Aim of the task:
Look below for the line containing "Executive Light Khaki/Beige", then write out that line and every line after it to the end, exactly, minus the pictures.

Available data:
Start of Block

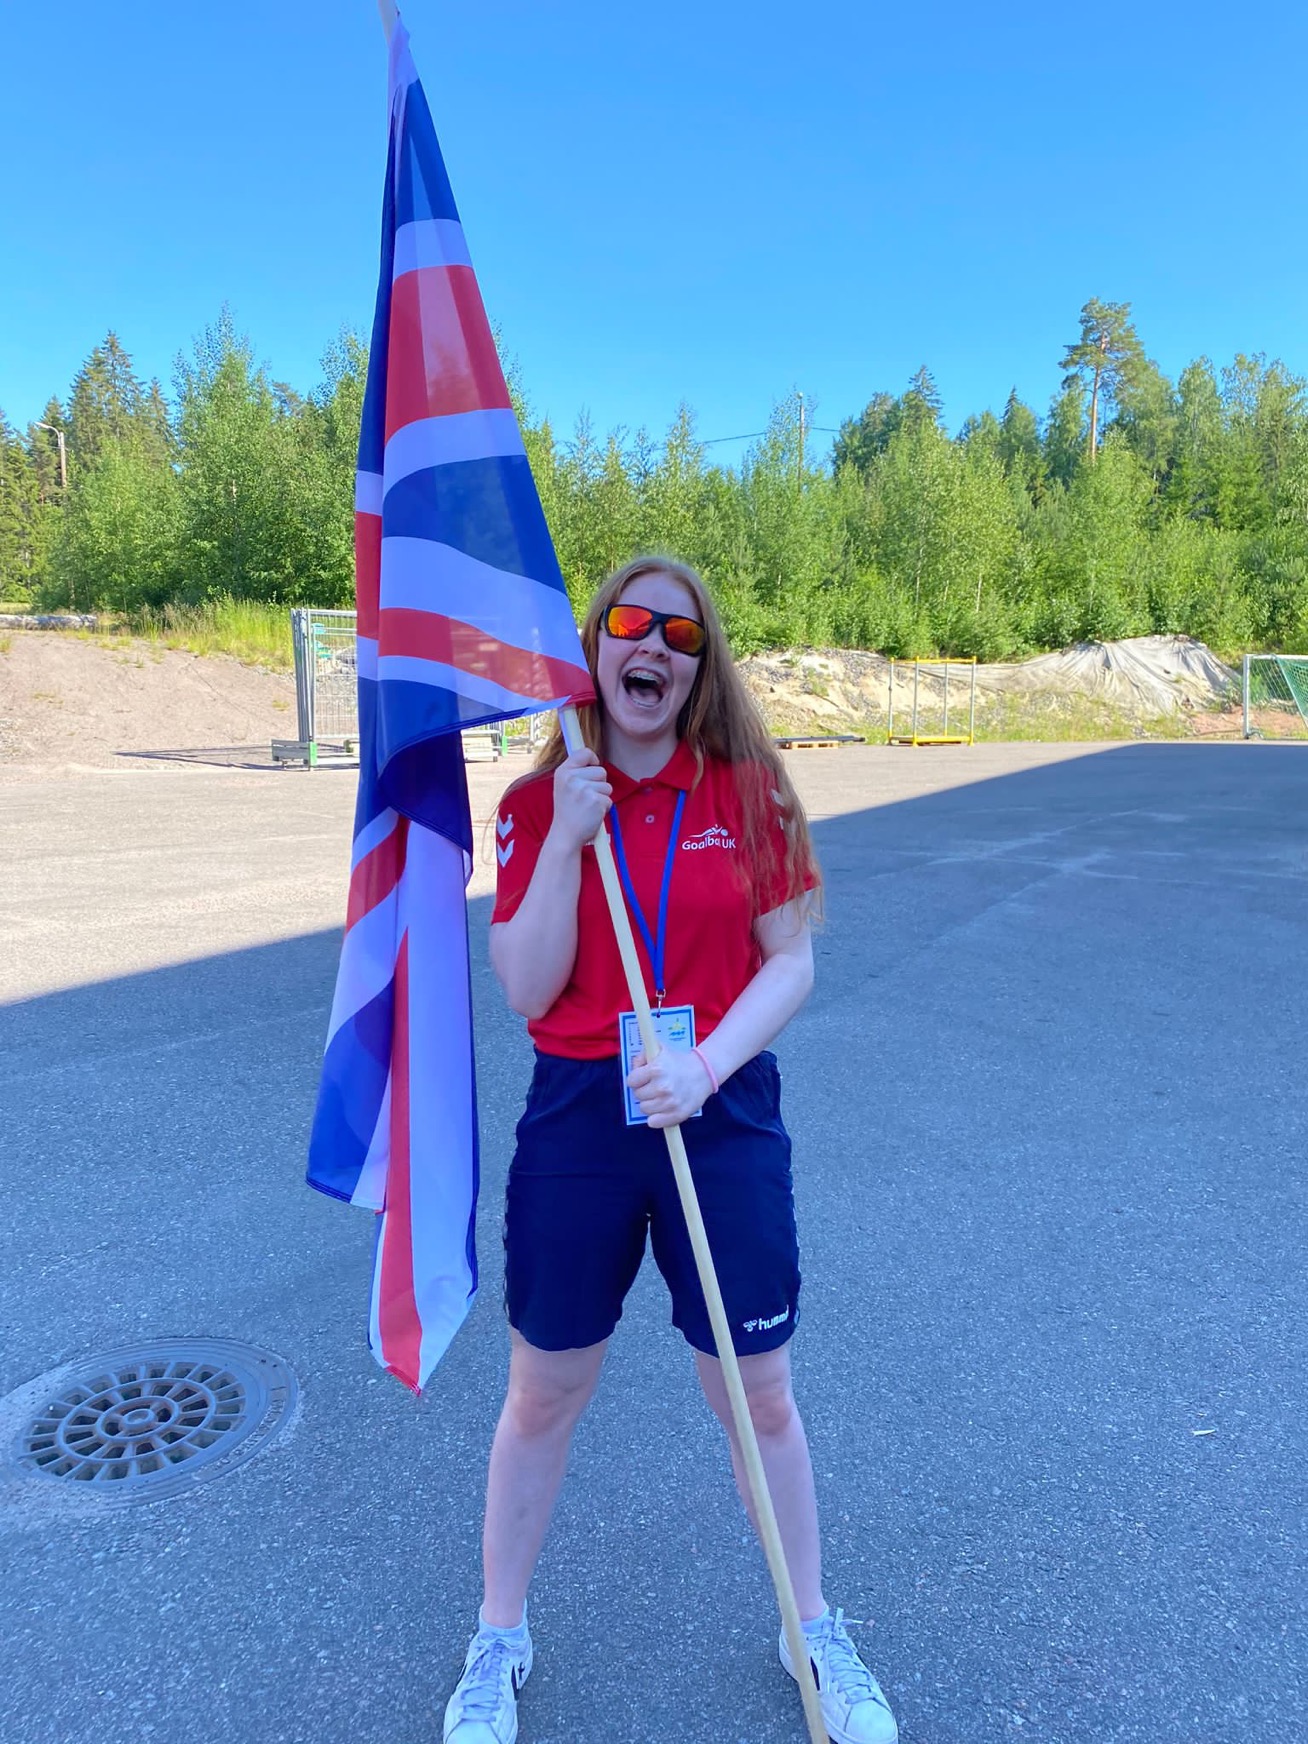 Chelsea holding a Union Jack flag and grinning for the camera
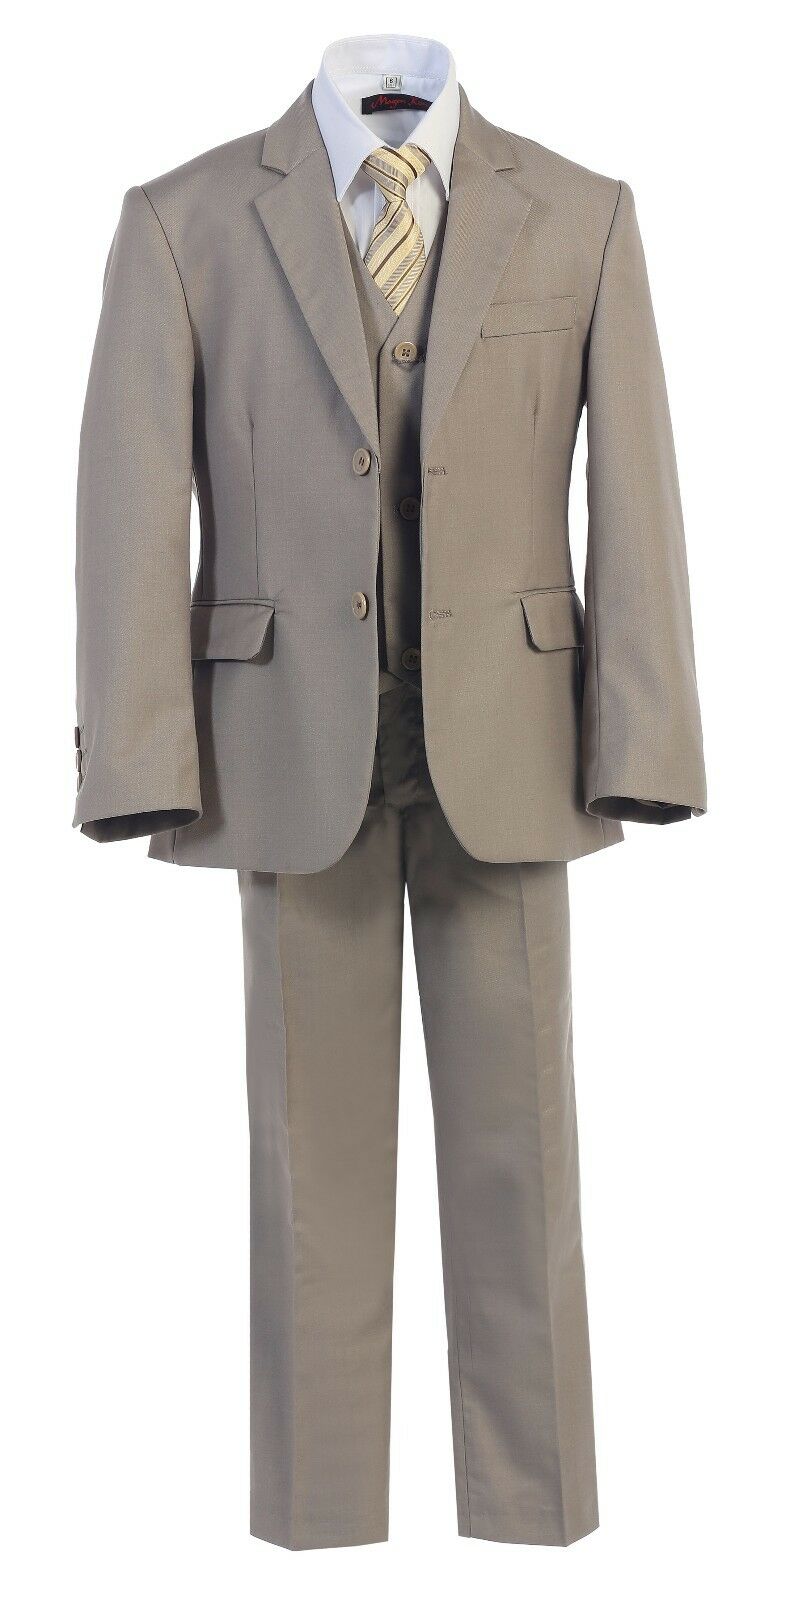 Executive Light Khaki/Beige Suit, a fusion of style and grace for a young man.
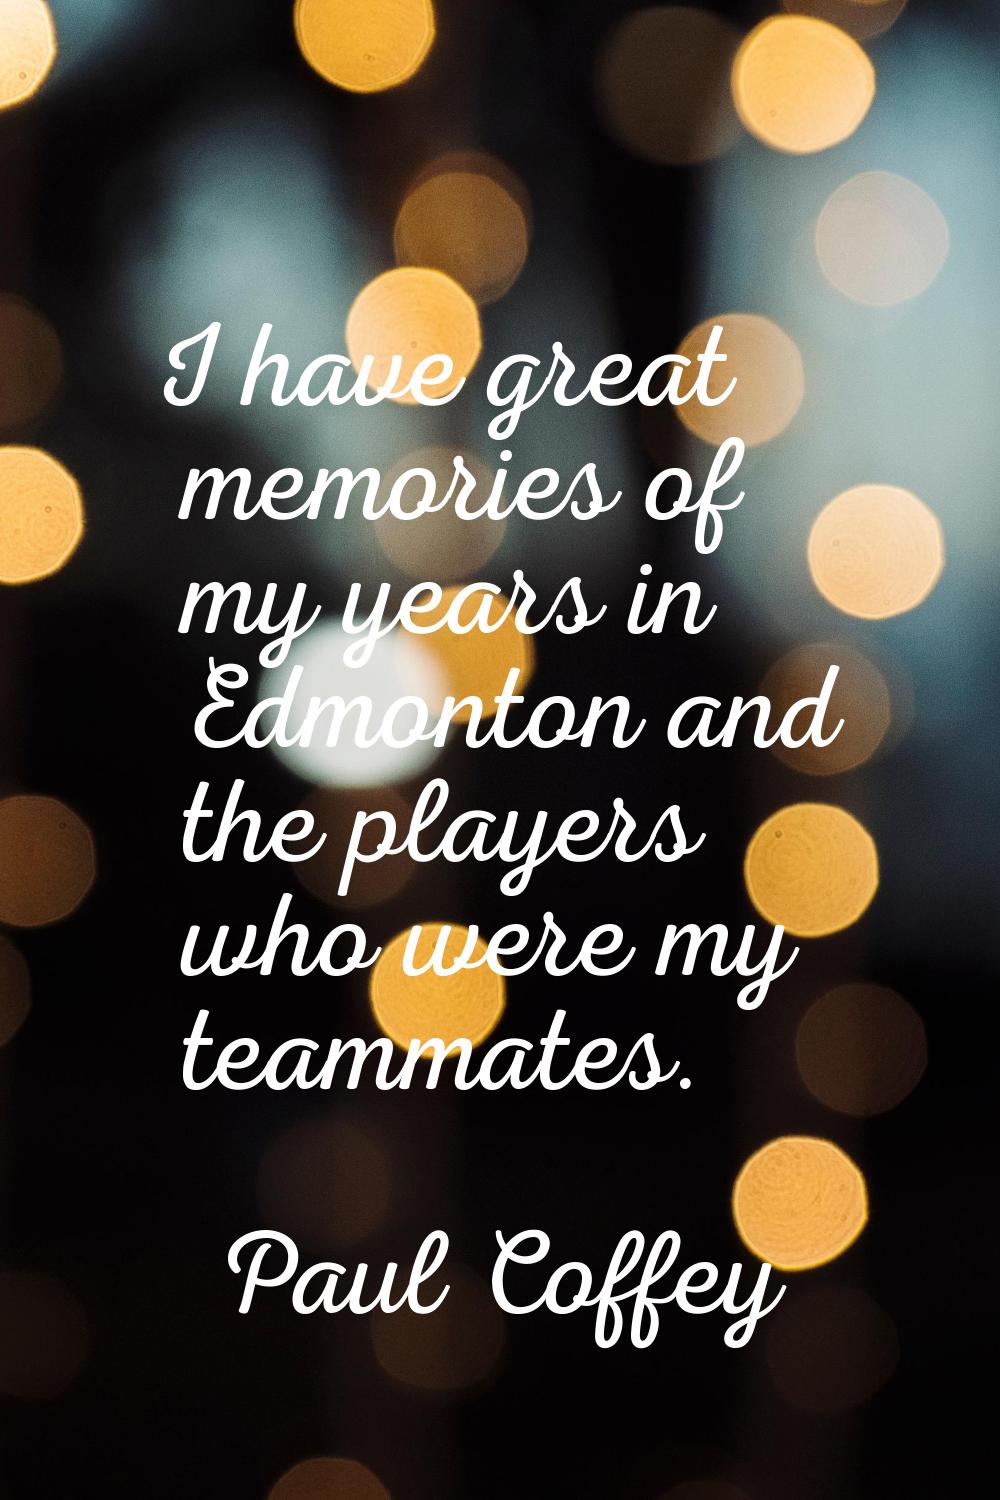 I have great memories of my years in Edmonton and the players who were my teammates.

End of Block

Task output:
 Executive Light Khaki/Beige Suit, a fusion of style and grace for a young man.
 I have great memories of my years in Edmonton and the players who were my teammates.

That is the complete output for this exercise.